Tell us a bit more about Easytees, the other arm to your manufacturing business?
Easytees did not happen overnight, I did not arrive in Bali with a pocket full of cash. I started designing T-shirt graphics for the surf industry back in 1987 as a teenager. From there I spent ten years at Quiksilver as a graphic artist and ten more years with my brand, 3rdborn. Easytees has now been running for over 12 years, it’s an evolution of what I have always done. We started in a Kos – simple room – in Kuta, then moved to an empty warung – eating-house – then to a house and to a Ruko – shop-house. Eventually we had the capital to build our current factory, and I believe this is the most complete factory in Bali. We produce basic fashion, sportswear, swimwear, gym gear and many different T-shirts. We have screen-printing and sublimation, both in-house, and we offer graphic design services if needed.
I see you are big into helping charities with their merchandise. What are your current pet charity projects?
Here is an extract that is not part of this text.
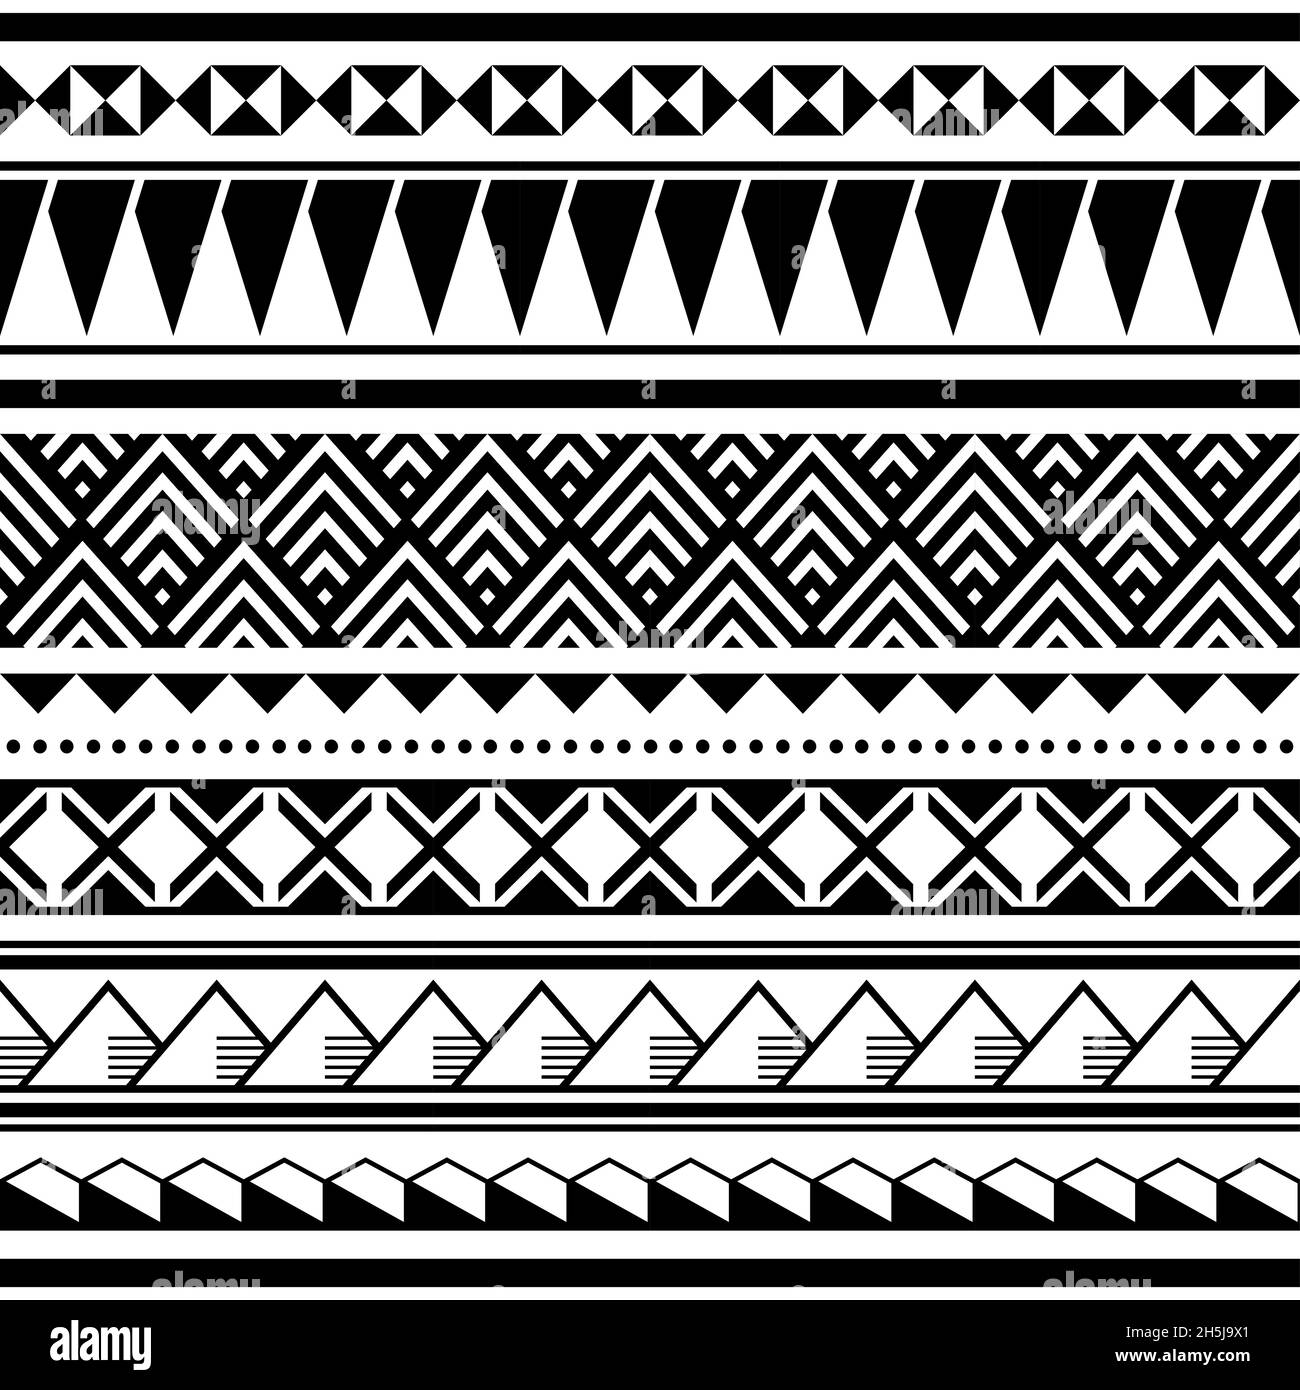 Motivo vettoriale tribale senza cuciture hawaiano, stampa in tessuto o tessuto in bianco e nero ispirata all'arte tatoo della Polinesia Illustrazione Vettoriale

And can you tell us a bit more about each of them?
As I ran my own environmental campaign for many years, I met most of the NGOs here in Bali. There are so many great campaigns that I can’t name them all here, but I love what Sungai Watch, Bye Bye Plastic Bags and Green Books are doing to make a difference here on Bali, and the on planet. It’s going to take years to reduce the litter and pollution just here on Bali, if we all just did a little to help, we would all see the difference. The above-mentioned foundations/charities lead by example, and over the years I’ve seen their mission and vision catch on like wildfire.
As a father and surfer, what is your hope for the future of Bali and Indonesia?
Can we push “pause” on the development machine, please?
And lastly, could you share three improvements that you would like to see on Bali?
- All the loud motorcycles are collected and turned into an artificial reef.
- Instagram models are issued with Ericsson mobile phones on arrival.
- Single-use plastic drink bottles and cups are banned.
David, thank you for your time and the tour of your fab factory!